The early laparoscopes required the first laparoscopic surgeons to look through the eyepiece of the scope, but by 1987, the technology of video cameras had advanced far enough to allow a video camera to be attached to the laparoscope which allowed the surgeon and the assistant to stand erect, and for everyone to see the operation and to participate in the operation. On March 17, 1987 Dr. Phillipe Mouret performed the first laparoscopic cholecystectomy (gallbladder removal) in Lyon, France. From that, progressively more advanced surgeries were quickly performed using the minimally invasive techniques.

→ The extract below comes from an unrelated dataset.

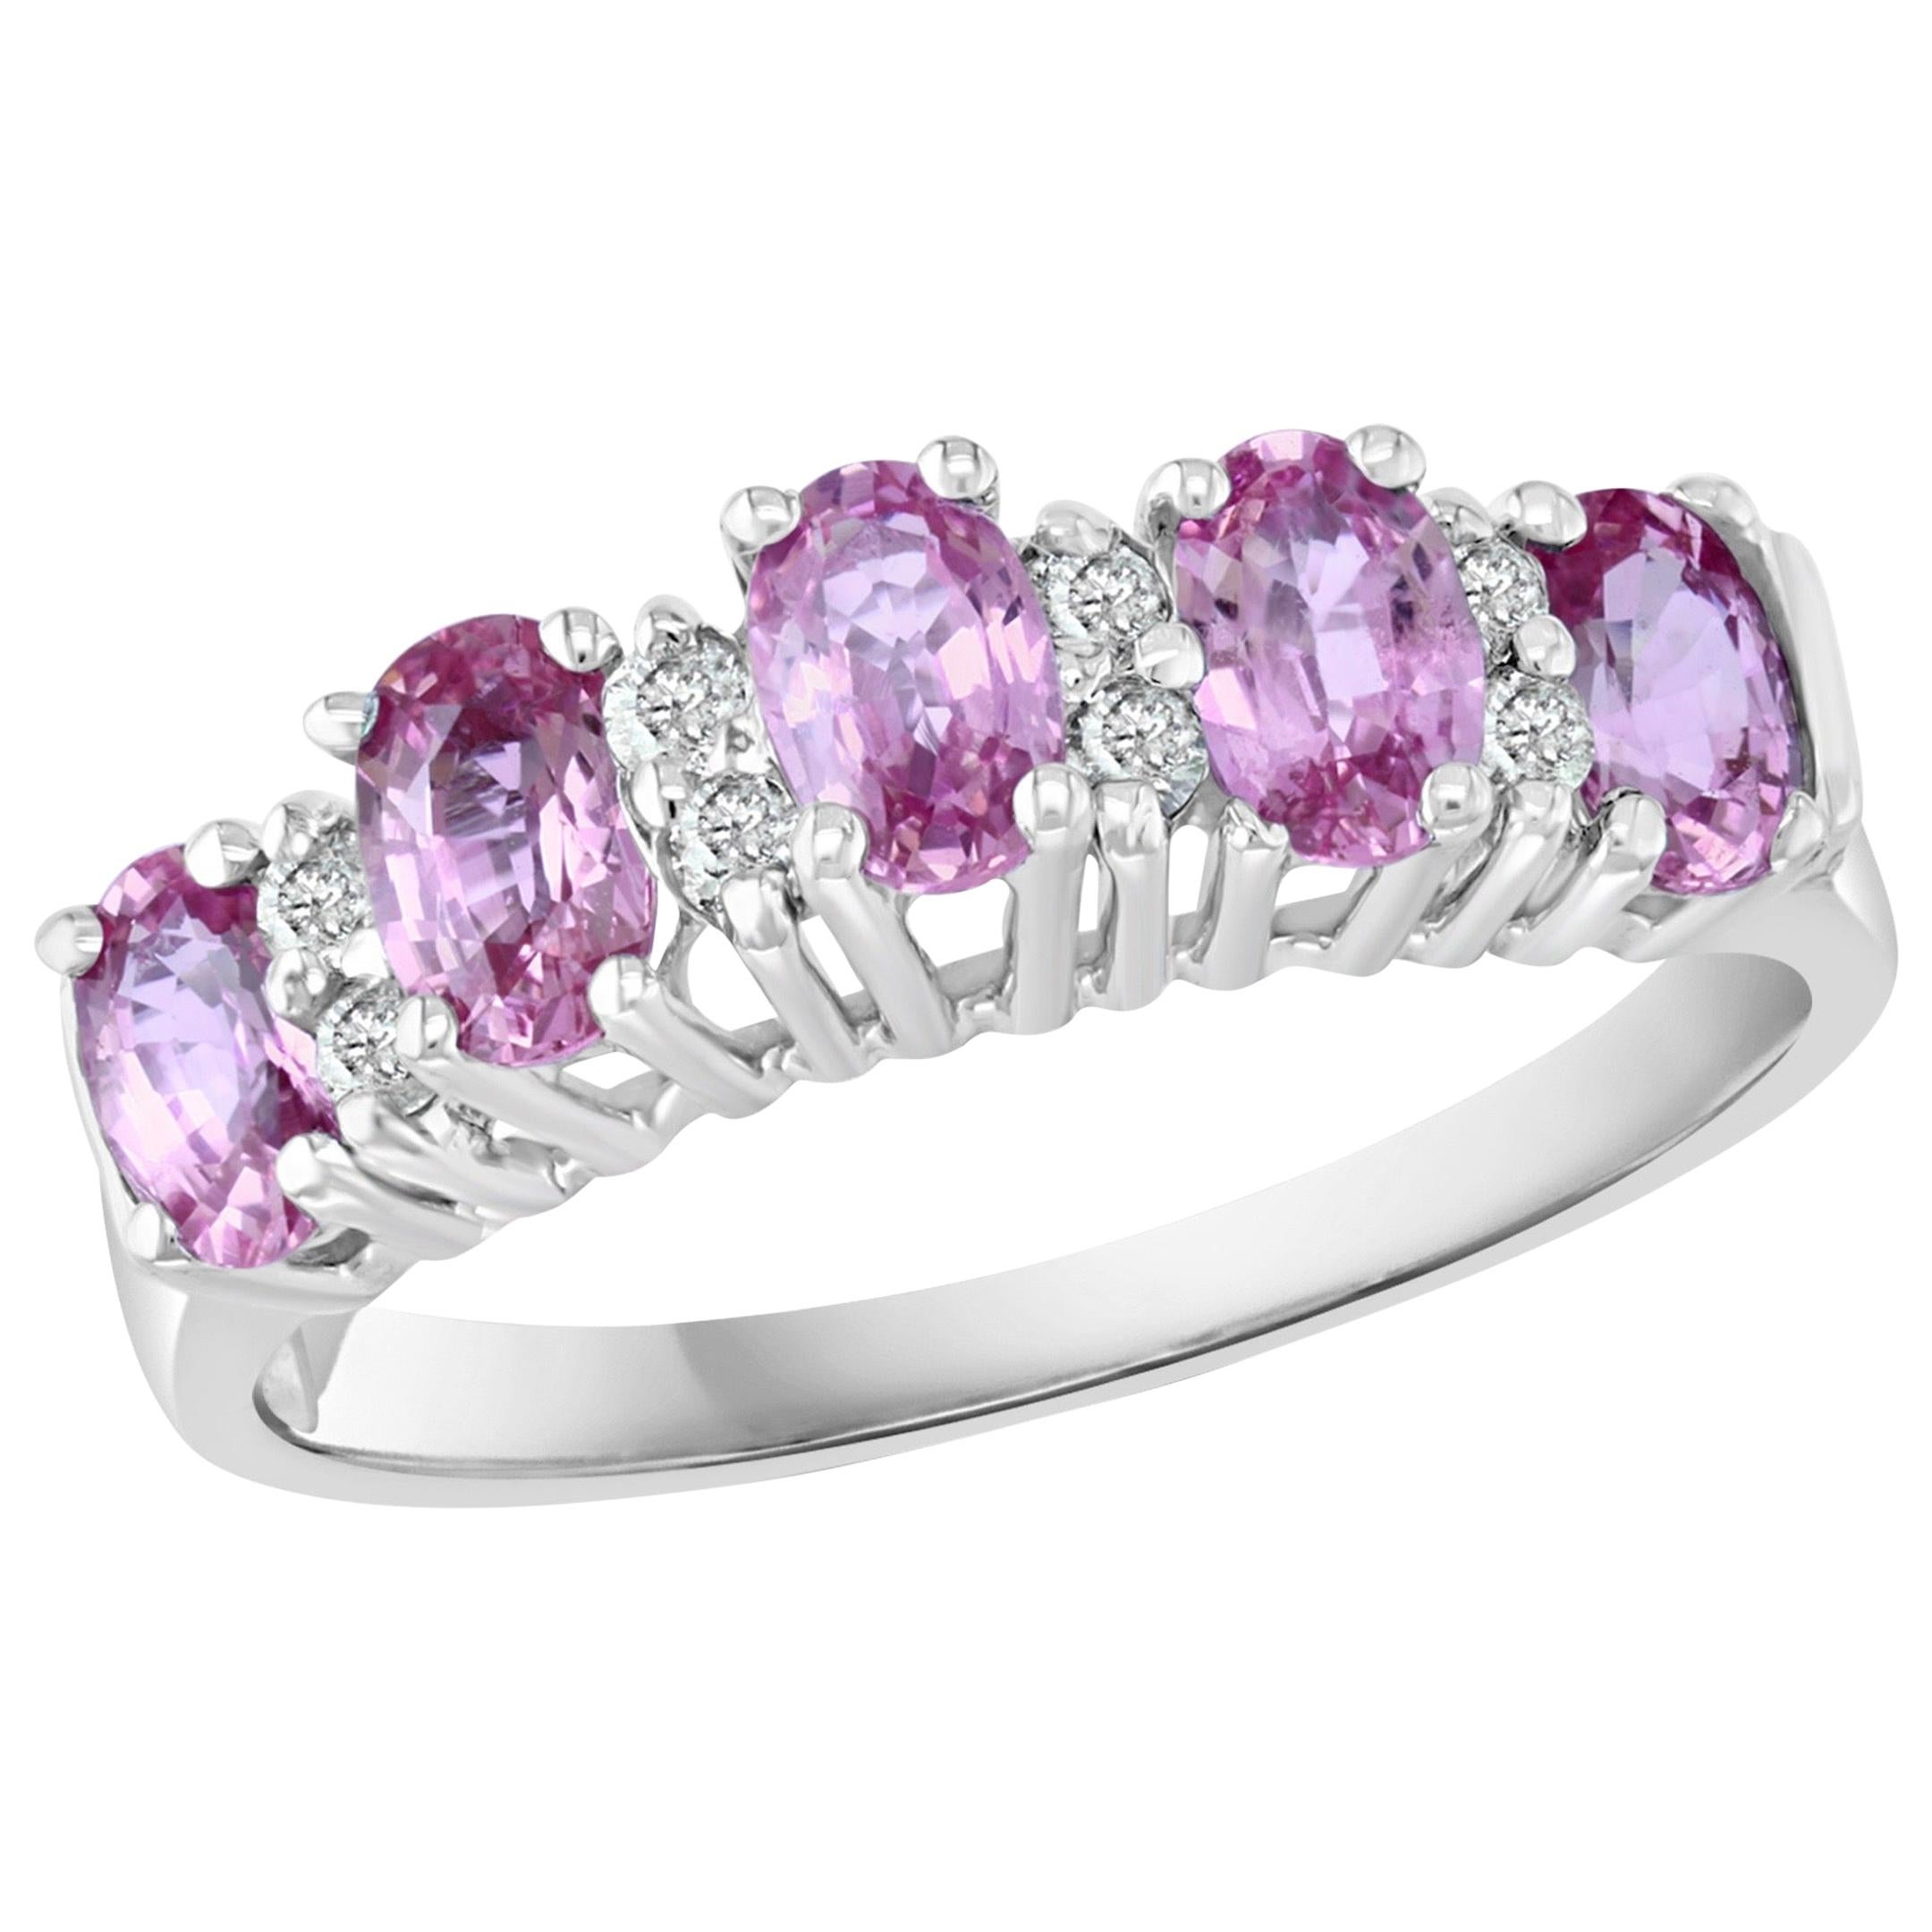 1.25 Carat Pink Sapphire and Diamond 14 Karat White Gold Ring, Estate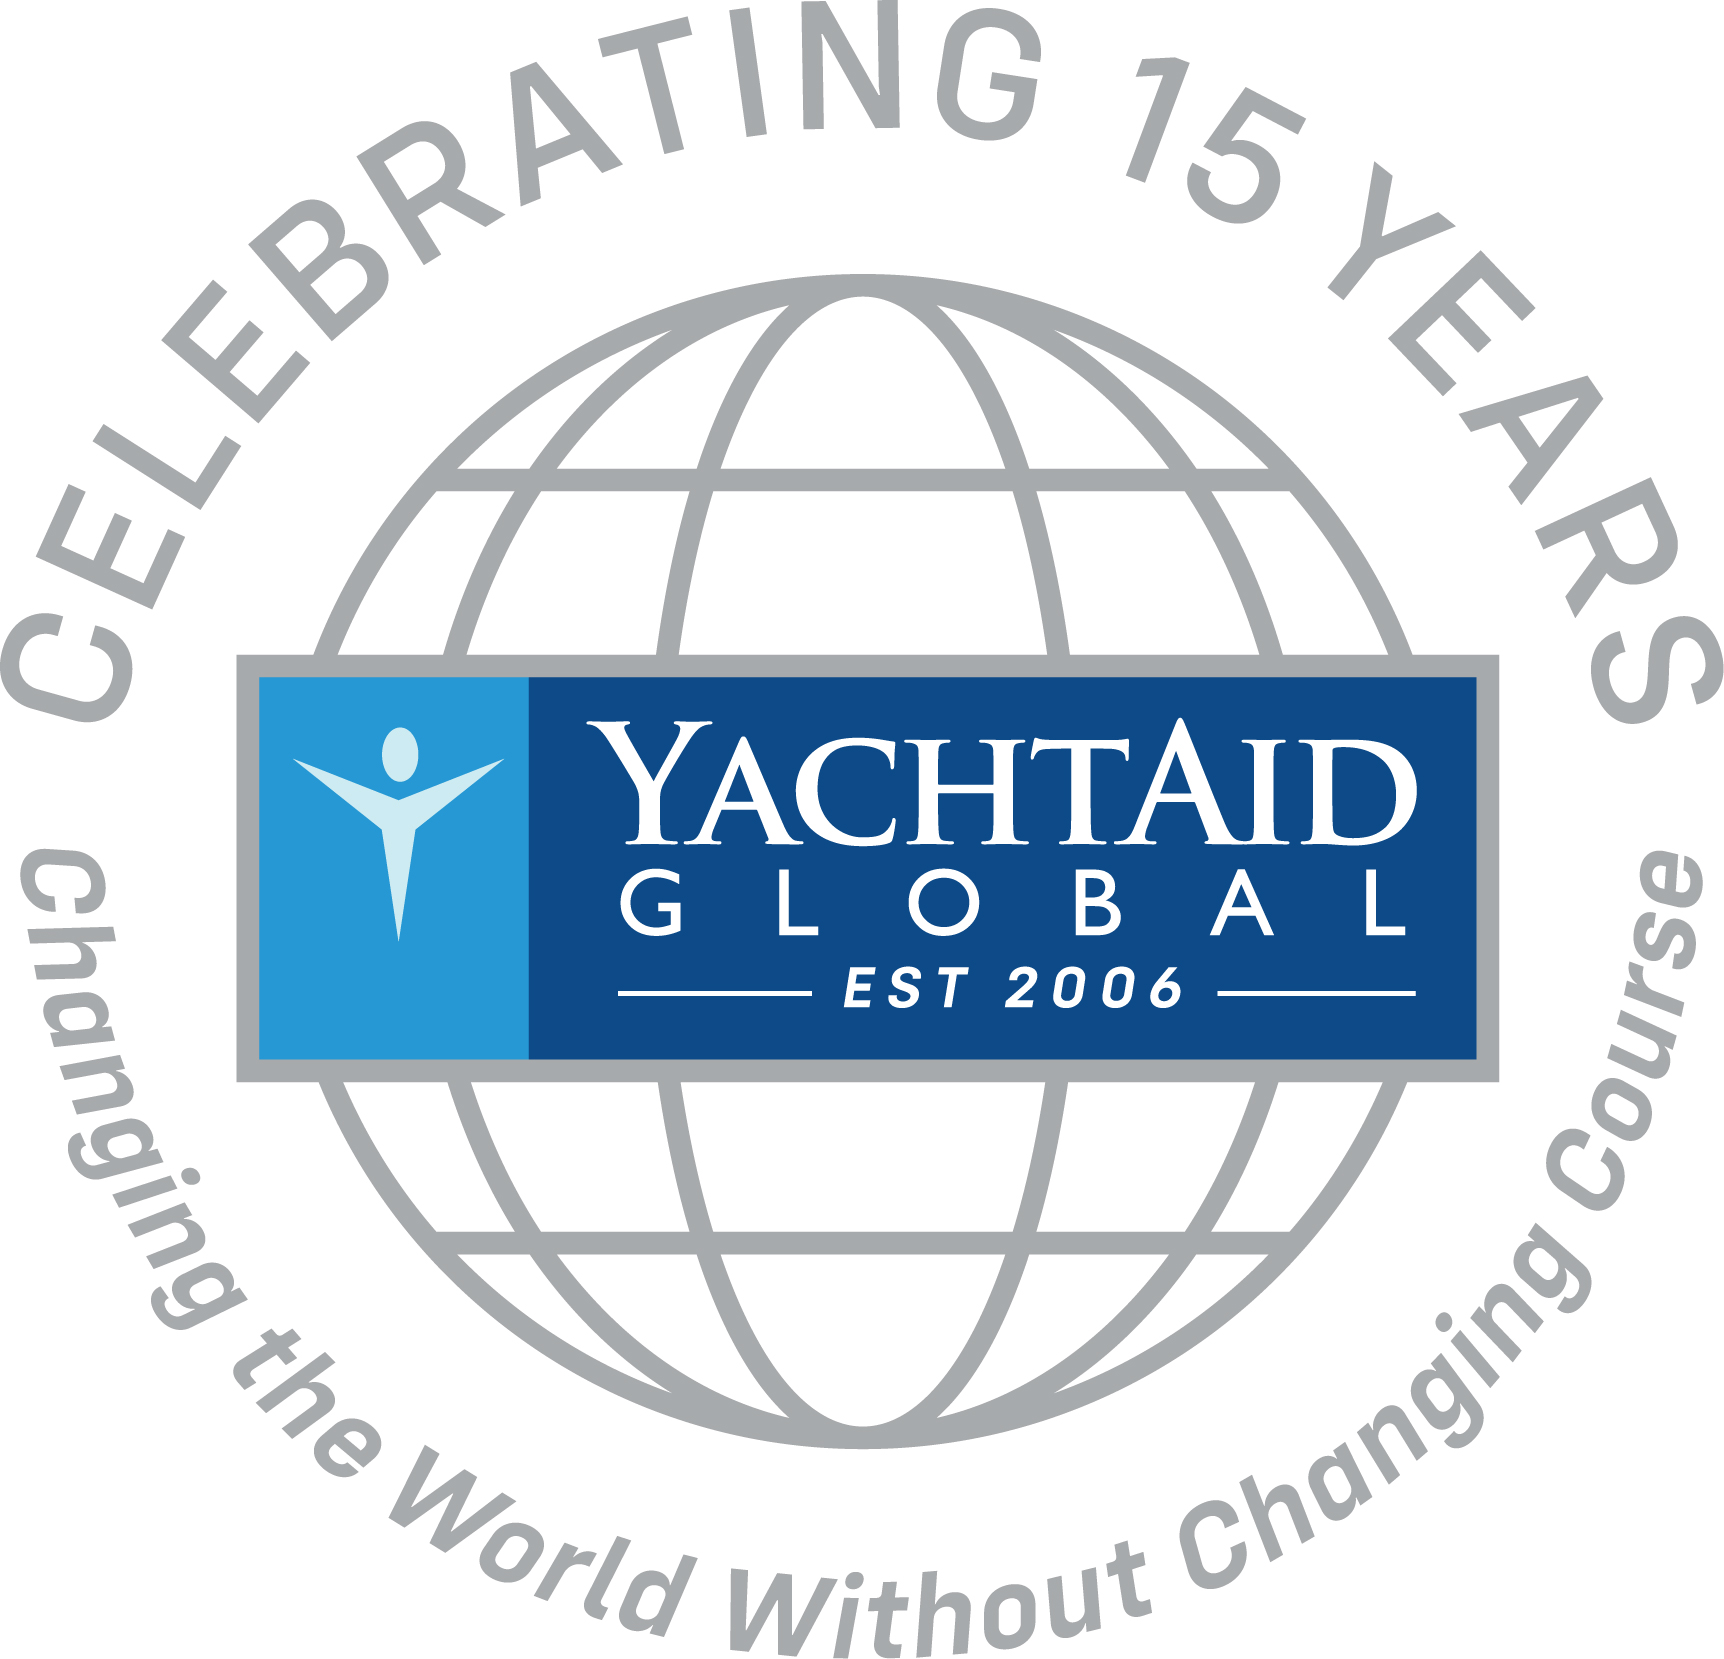 yachtaid global

An interesting story, in 1989, as laparoscopic cholecystectomy was becoming more common, I was the Chief Surgical Resident at Georgetown. I went to the Chief of General Surgery and suggested we look at learning the procedure. He responded by telling me, "Son, if that's all the respect you have for your chosen profession, perhaps you should have become a Gynecologist." Progress is sometimes slow.